Material for this exercise ::
>>>>>
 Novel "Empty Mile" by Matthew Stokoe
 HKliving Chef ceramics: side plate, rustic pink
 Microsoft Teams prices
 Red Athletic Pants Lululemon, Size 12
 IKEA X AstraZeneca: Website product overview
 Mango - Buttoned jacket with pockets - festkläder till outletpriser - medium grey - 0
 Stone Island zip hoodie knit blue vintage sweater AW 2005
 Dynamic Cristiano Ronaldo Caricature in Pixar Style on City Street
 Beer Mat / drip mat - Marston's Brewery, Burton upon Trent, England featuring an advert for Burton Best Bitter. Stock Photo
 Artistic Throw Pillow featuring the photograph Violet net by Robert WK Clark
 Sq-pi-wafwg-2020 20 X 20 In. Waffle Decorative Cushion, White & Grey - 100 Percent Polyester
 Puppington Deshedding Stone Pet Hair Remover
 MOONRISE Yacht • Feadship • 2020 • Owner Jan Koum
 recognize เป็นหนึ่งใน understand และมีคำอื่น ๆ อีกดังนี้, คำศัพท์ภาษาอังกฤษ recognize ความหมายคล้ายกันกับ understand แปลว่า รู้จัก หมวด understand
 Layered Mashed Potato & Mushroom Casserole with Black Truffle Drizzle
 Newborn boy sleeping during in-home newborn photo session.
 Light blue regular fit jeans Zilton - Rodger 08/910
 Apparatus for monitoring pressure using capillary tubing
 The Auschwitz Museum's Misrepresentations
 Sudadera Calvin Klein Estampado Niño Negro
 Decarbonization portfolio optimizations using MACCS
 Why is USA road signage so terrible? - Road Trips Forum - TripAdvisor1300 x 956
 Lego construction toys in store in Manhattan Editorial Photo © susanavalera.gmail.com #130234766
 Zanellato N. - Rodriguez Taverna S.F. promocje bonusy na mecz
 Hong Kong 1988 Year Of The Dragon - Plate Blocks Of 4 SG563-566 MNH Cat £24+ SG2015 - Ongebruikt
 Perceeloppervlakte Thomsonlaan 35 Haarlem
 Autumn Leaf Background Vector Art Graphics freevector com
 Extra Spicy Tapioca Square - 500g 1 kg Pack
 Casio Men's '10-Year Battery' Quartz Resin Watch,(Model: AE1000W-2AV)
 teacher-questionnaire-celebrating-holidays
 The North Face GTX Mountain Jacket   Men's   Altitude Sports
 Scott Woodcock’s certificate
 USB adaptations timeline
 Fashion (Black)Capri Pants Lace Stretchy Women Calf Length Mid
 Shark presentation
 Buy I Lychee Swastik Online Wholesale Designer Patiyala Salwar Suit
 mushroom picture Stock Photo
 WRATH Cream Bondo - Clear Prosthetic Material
<<<<<
To do ::
Only one stretch of the data above is needed. Restate it word for word, from the line containing "Beer Mat / drip" through the line containing "Artistic Throw Pillow", both ends included.

Answer to this exercise ::
 Beer Mat / drip mat - Marston's Brewery, Burton upon Trent, England featuring an advert for Burton Best Bitter. Stock Photo
 Artistic Throw Pillow featuring the photograph Violet net by Robert WK Clark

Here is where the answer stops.